#### DIRECTIONS
A word-for-word copy of the listing is what's needed; leave out every image.

#### INPUT DATA

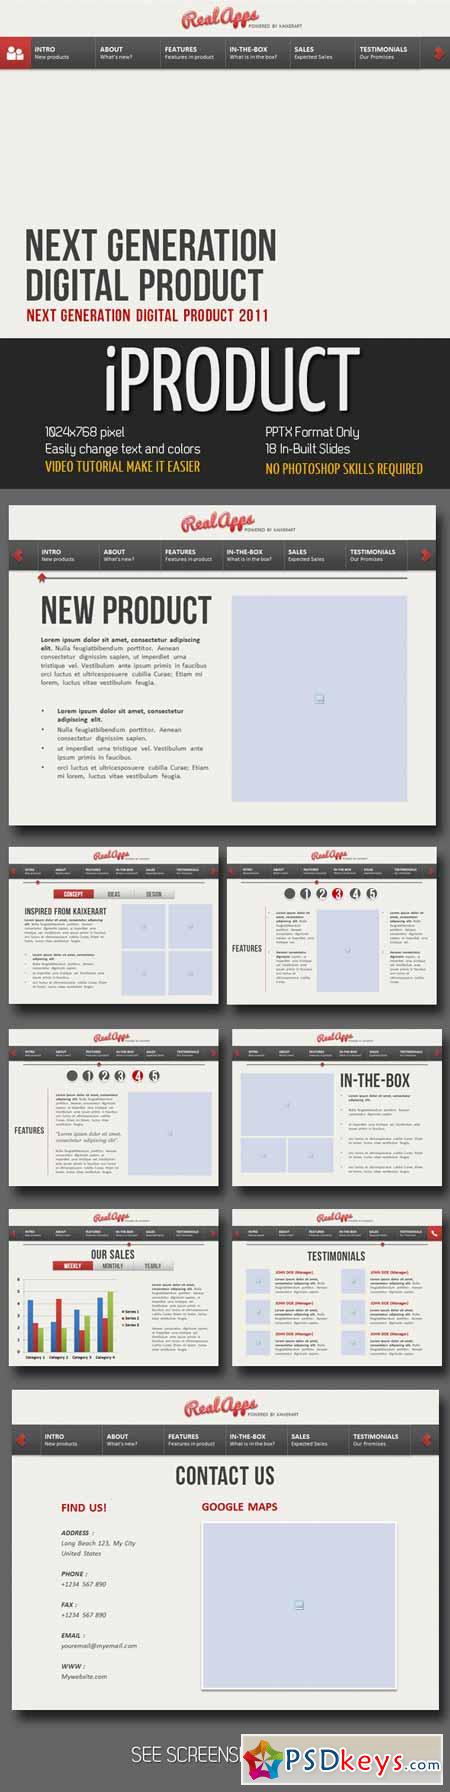 iProduct PowerPoint Presentation 305612
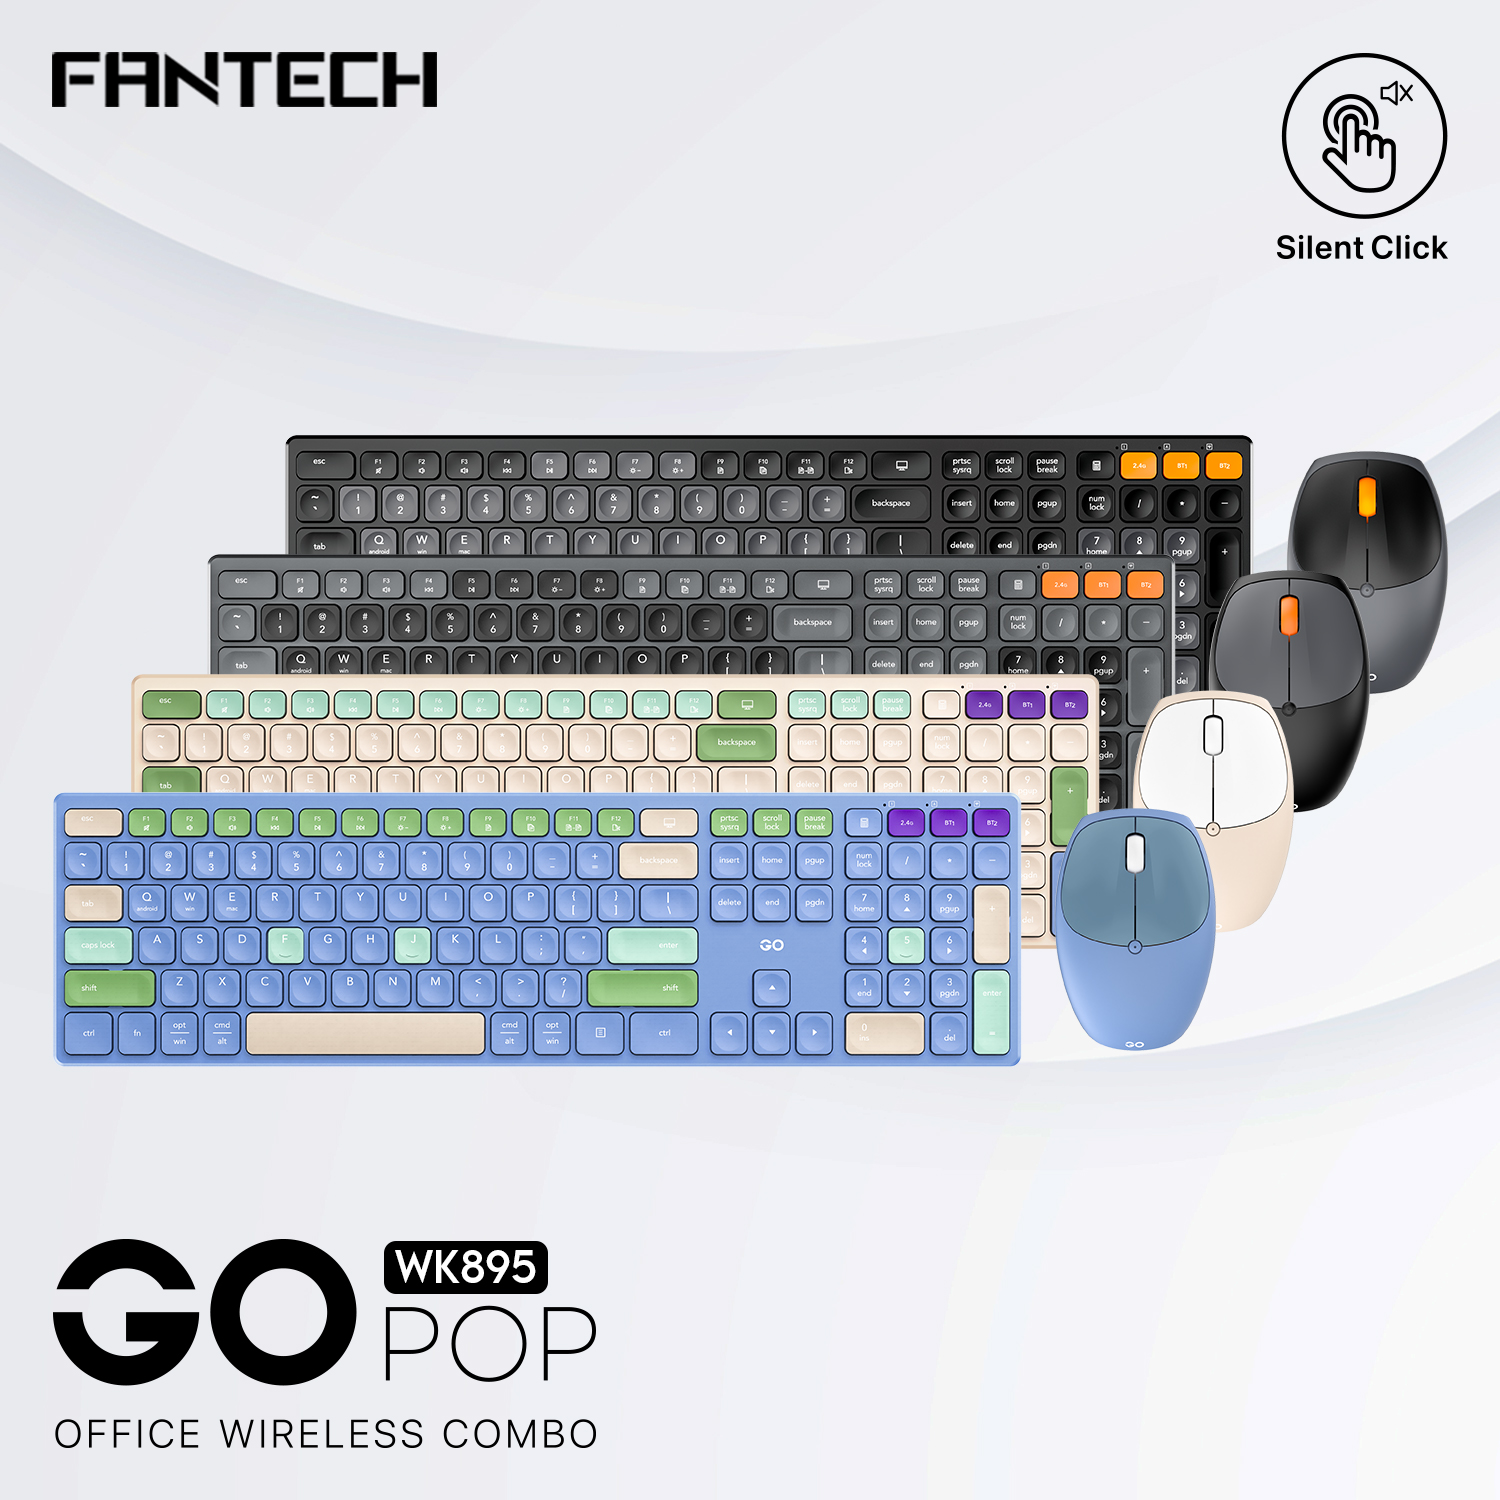 A large marketing image providing additional information about the product Fantech Go WK895 Office Wireless Keyboard and Mouse Combo - Black - Additional alt info not provided
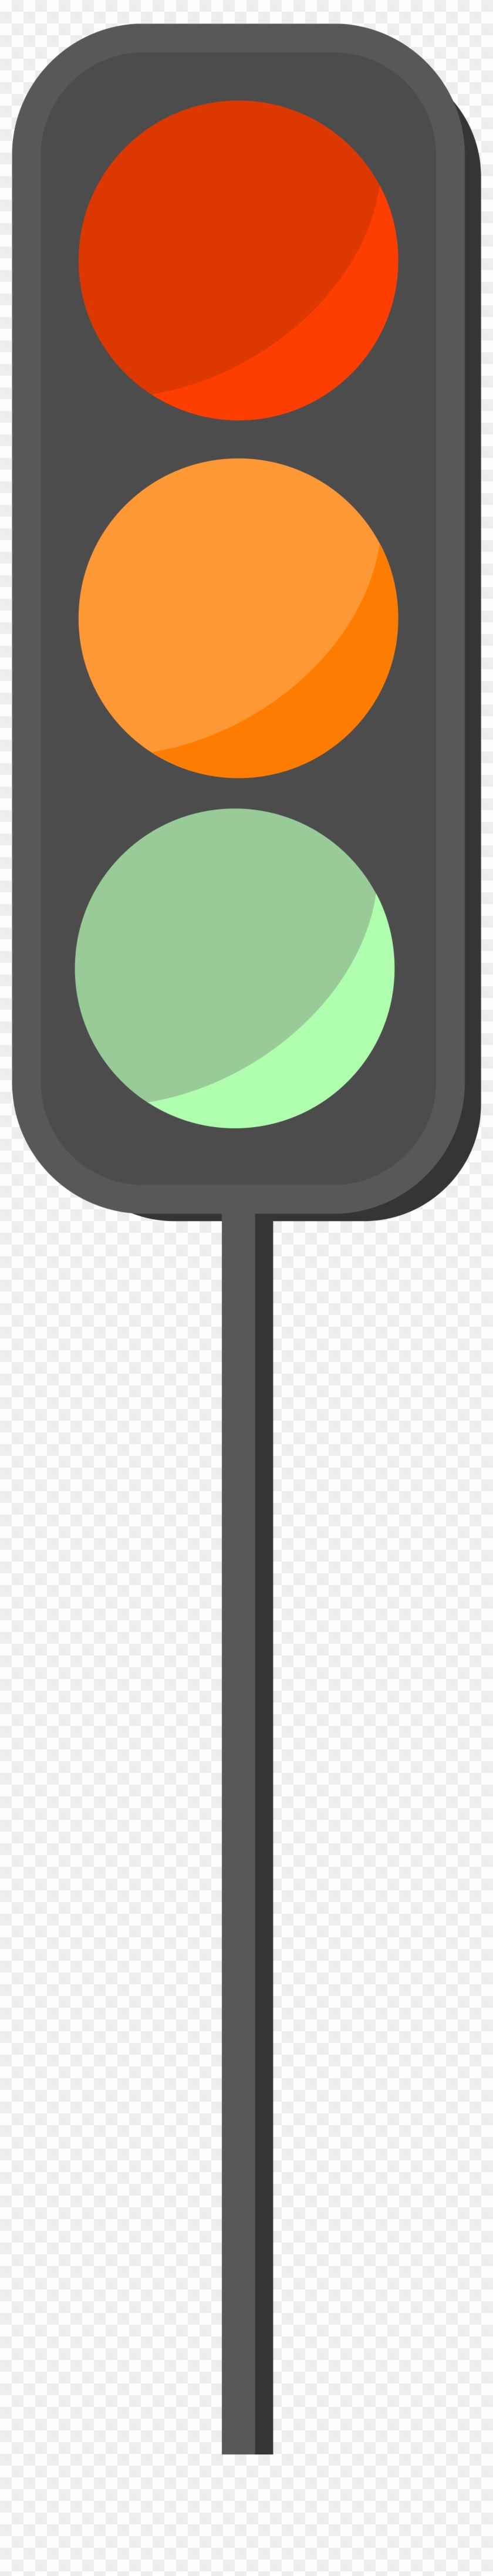 Traffic Light Png Clipart - Scalable Vector Graphics #929746

#### FINISHED TASK
 iProduct PowerPoint Presentation 305612
 A large marketing image providing additional information about the product Fantech Go WK895 Office Wireless Keyboard and Mouse Combo - Black - Additional alt info not provided
 Traffic Light Png Clipart - Scalable Vector Graphics #929746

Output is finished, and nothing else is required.